All this does beg the question: why does an FCA-regulated company such as World First never cross the line – while so many others are happy and eager to do so regularly? What is it about a boring old currency transfer service that sets it apart from “advisers” who routinely sign off DB pension transfers or who openly provide regulated services without being regulated?
We know from the British Steel debacle that out and out scams can easily be perpetrated right under the very nose of the FCA – with Active Wealth and Celtic Wealth having earned fortunes out of flogging collapsible flats in Cape Verde to the steelworkers for their pension investents. We know that Gerard Associates openly aided and abetted serial scammer Stephen Ward in the London Quantum scam – investing victims’ pension funds in all sorts of crap such as Dolphin and eucalyptus forests. (Gary Barlow’s Gerard Associates is still on the FCA register btw!).
More recently we know that the FCA deliberately turned a blind eye to the obvious investment scam London Capital & Finance, and that Hargreaves Lansdown was openly and brazenly promoting Neil Woodford’s high-risk and illiquid Woodford Equity and Income fund (now suspended). It is public knowledge that the FCA’s obscenely overpaid chief Andrew Bailey has long since lost interest in the boring task of regulating as he only has eyes for the top spot at the Bank of England (God help us!).
I think the answer is that the rogue, greedy, irresponsible firms who flout the regulations see an eye-watering opportunity to make a lot of money. So caution is not just thrown to the winds but also flushed down the loo. The golden opportunity won’t last long, but these opportunists don’t care how many people get ruined in the process – they will just make hay while the sun shines and then shrug their shoulders when it all goes tits up. After all, what is the worst that will happen? The FCA might rummage around in someone’s drawers and find a wet fish; or someone at ministry level might get cross enough to wag a finger or two.
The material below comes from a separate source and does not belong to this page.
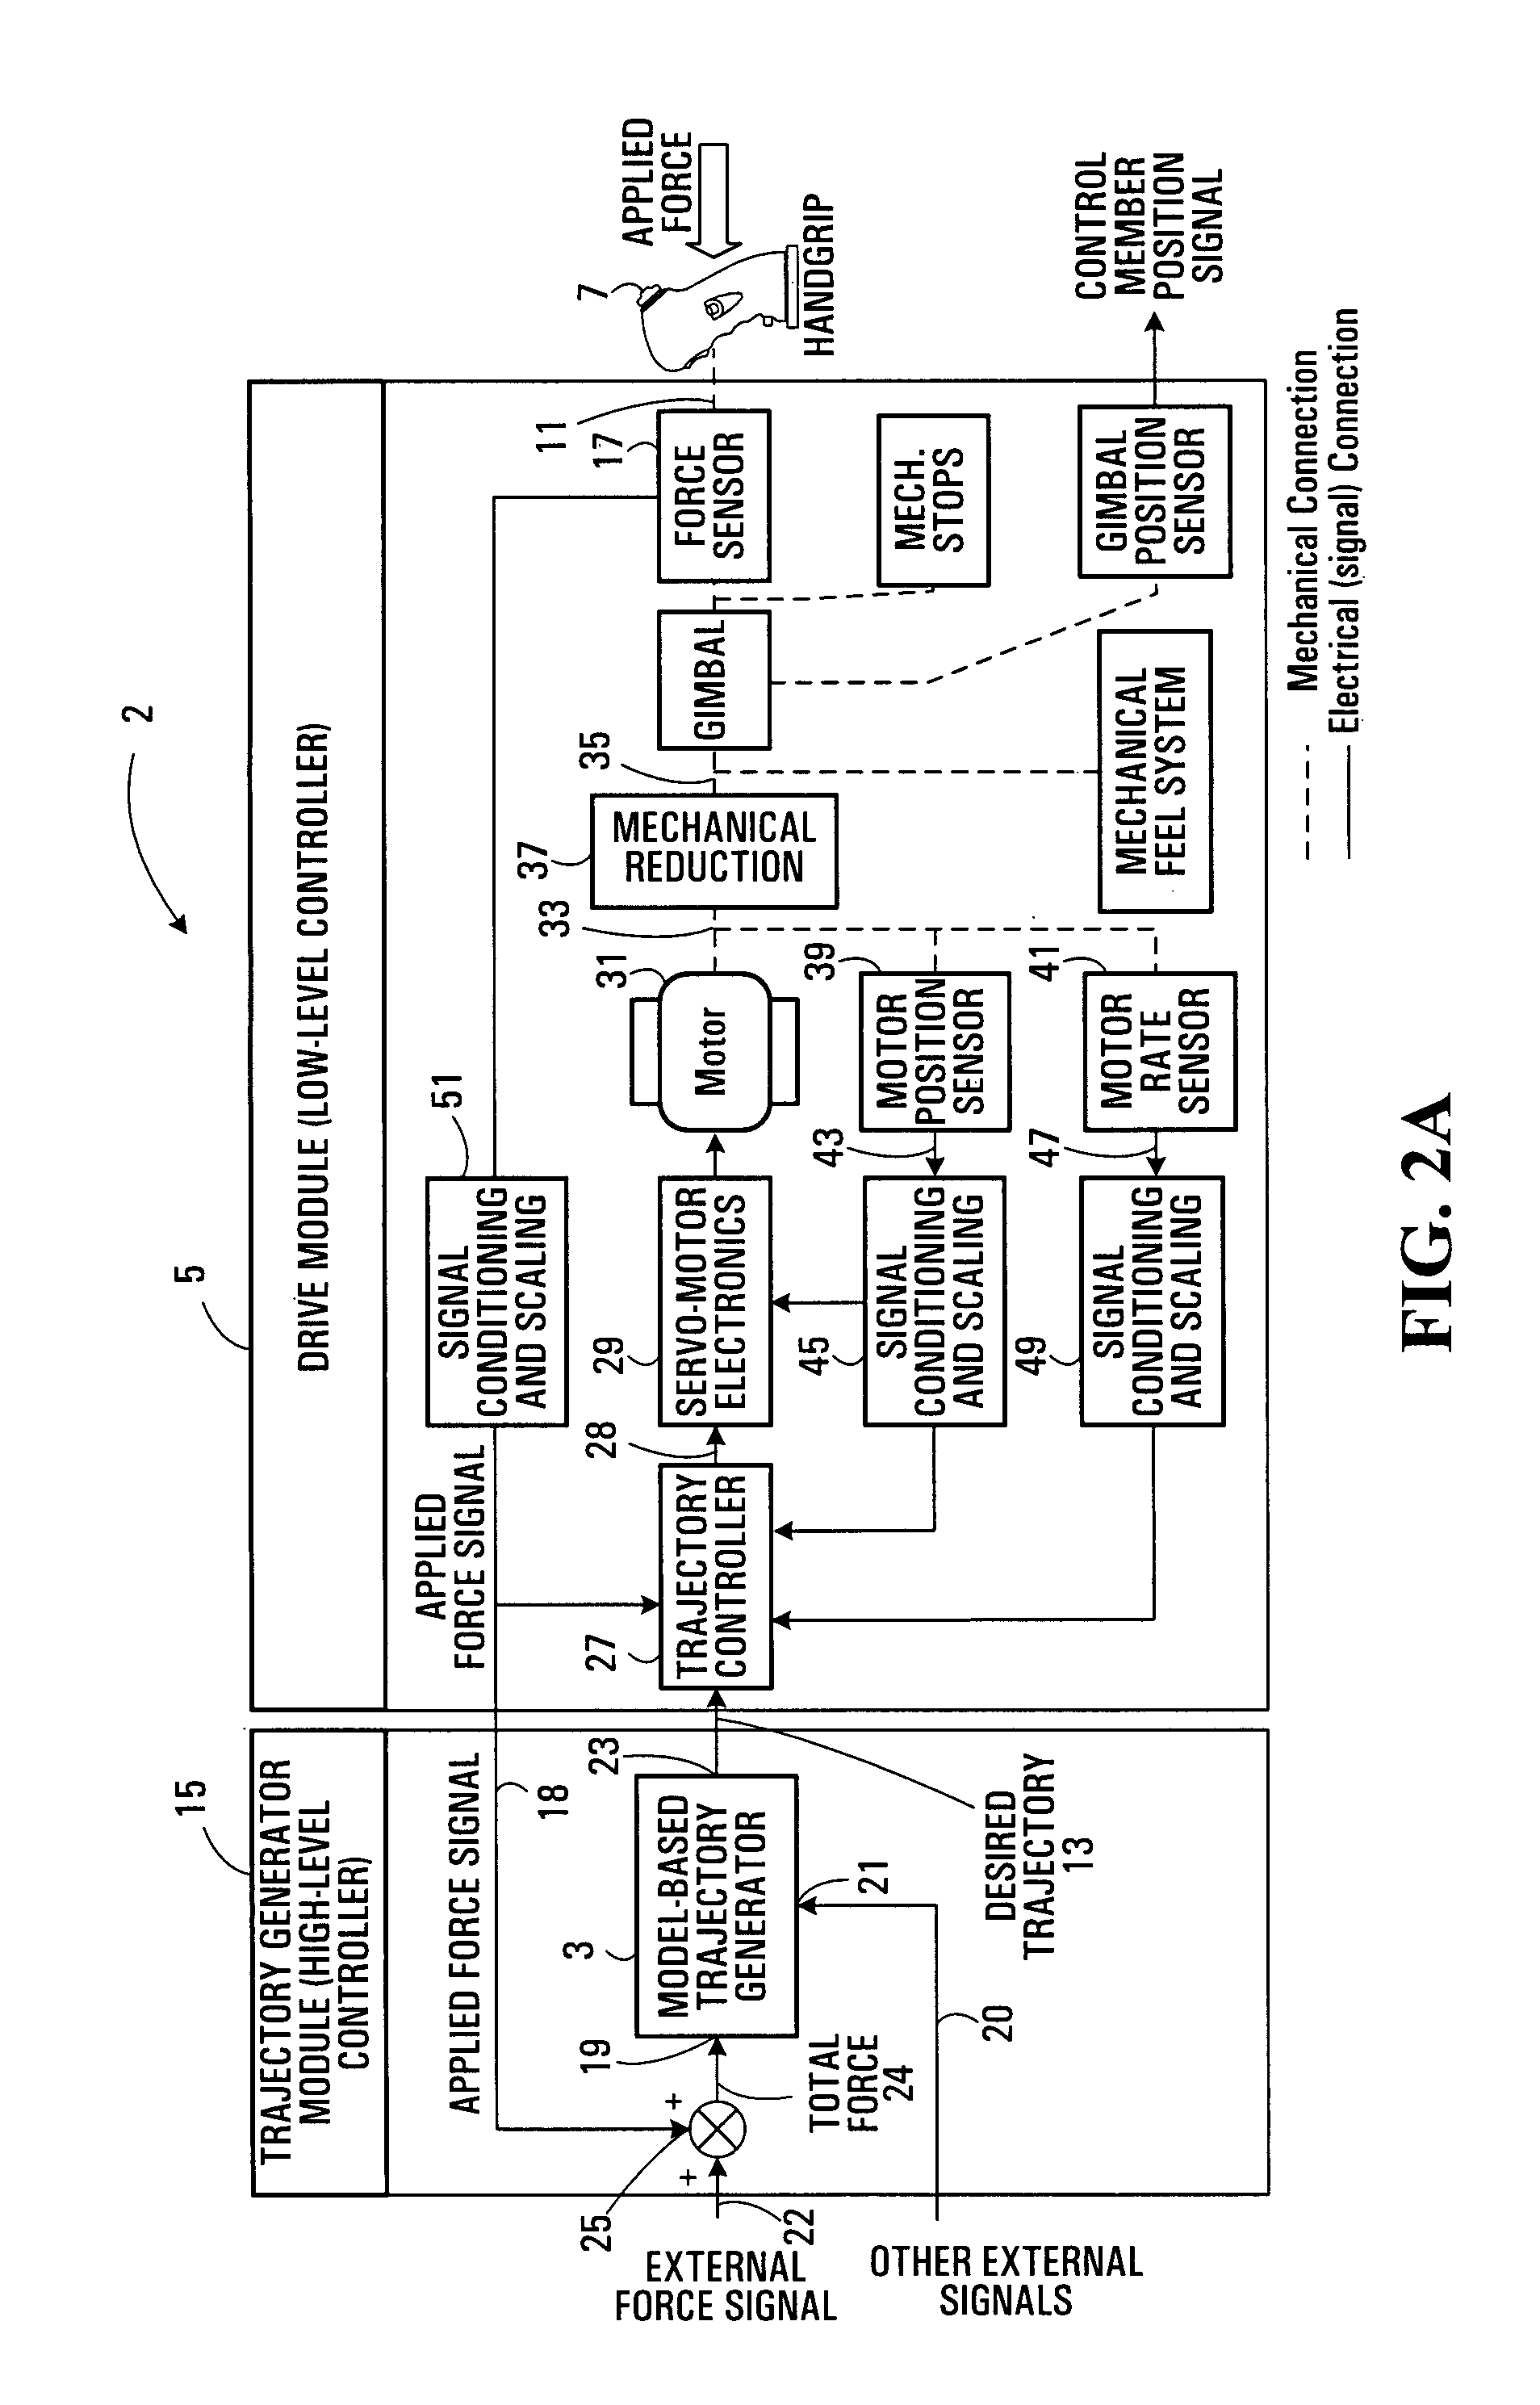 Apparatus and method for controlling a force-activated controller
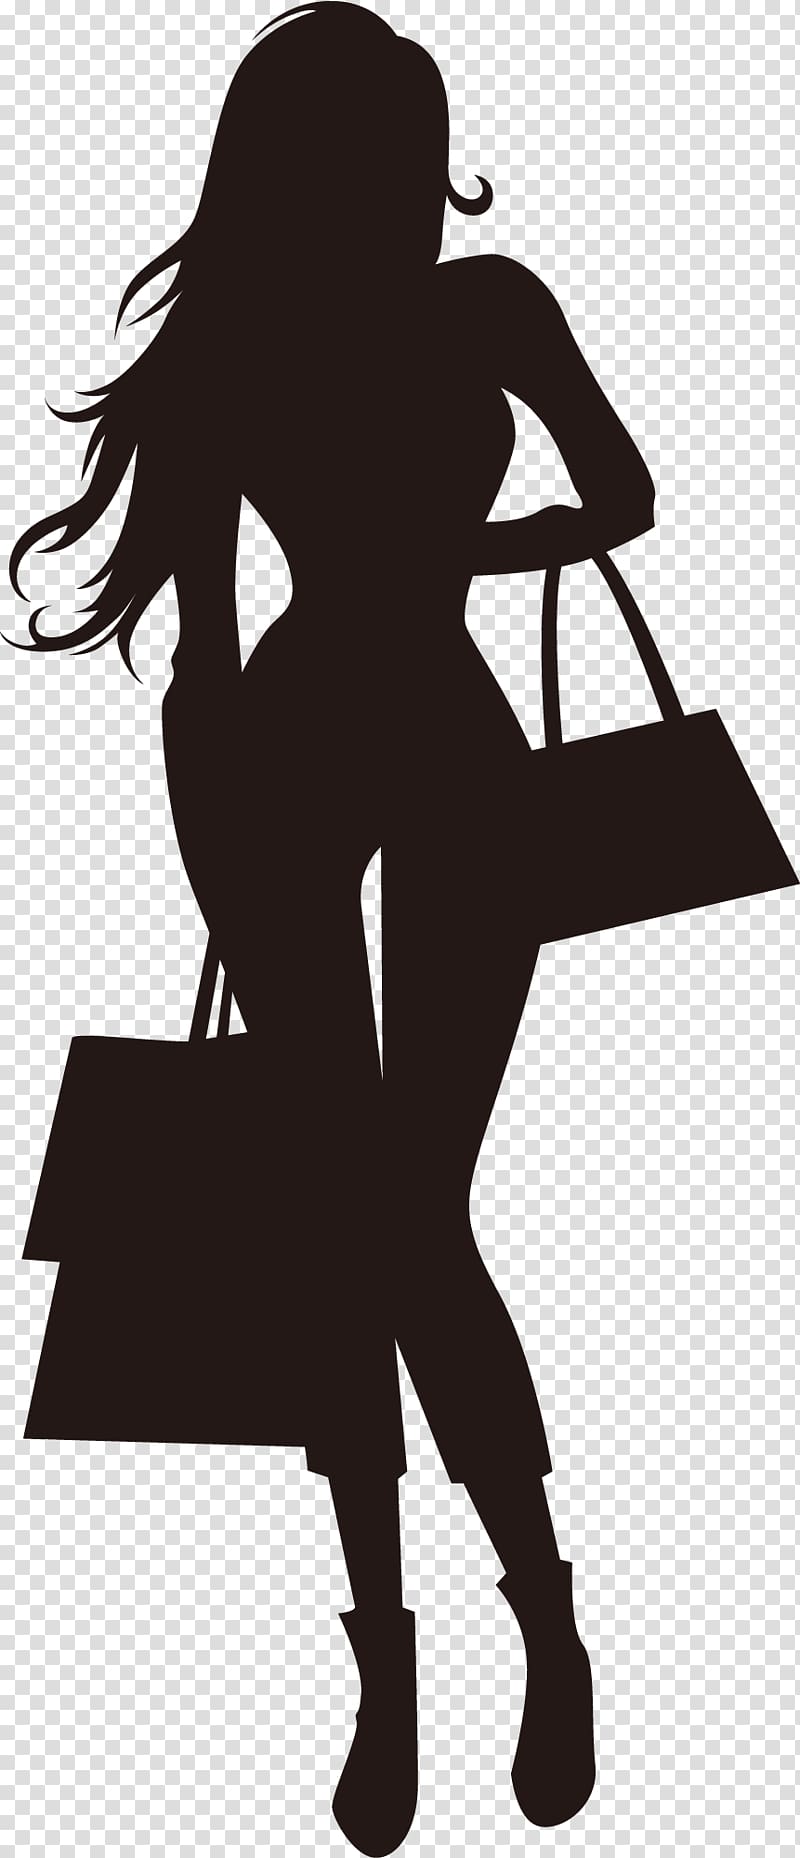 silhouette of woman carrying tote bags illustration, Fashion Silhouette , Fashion shopping girl silhouette transparent background PNG clipart

A fund manager once said to me that he was astonished at how many financial services professionals get involved in scams and dodgy schemes. He said that this is an industry where practitioners can make a very respectable living, and keep their reputation and conscience intact. He also speculated that the huge pile of money that could be made from opportunistic bad practice (naked euphemism!) is only ever short term – and that it is bound to come crashing down eventually. And then, if the offender wants to keep trading, they have to start all over again with the next gig. And the next. And….(etc). They know that the regulators and the police are way too slow, lazy and stupid to do anything about it all – so it is a fertile hunting ground for the unscrupulous and inventive.
So back to my World: my only two financial services providers are CaixaBank and World First. Both pretty boring and predictable. Day in day out; year in year out – they do what they say they will do and charge me the standard rate for the privilege of routinely boring the pants off me. I know I will never be rich – and my life will never be exciting. But I also know I will never be either penniless or surprised (unless a fat box of chocolates rocks up next week!).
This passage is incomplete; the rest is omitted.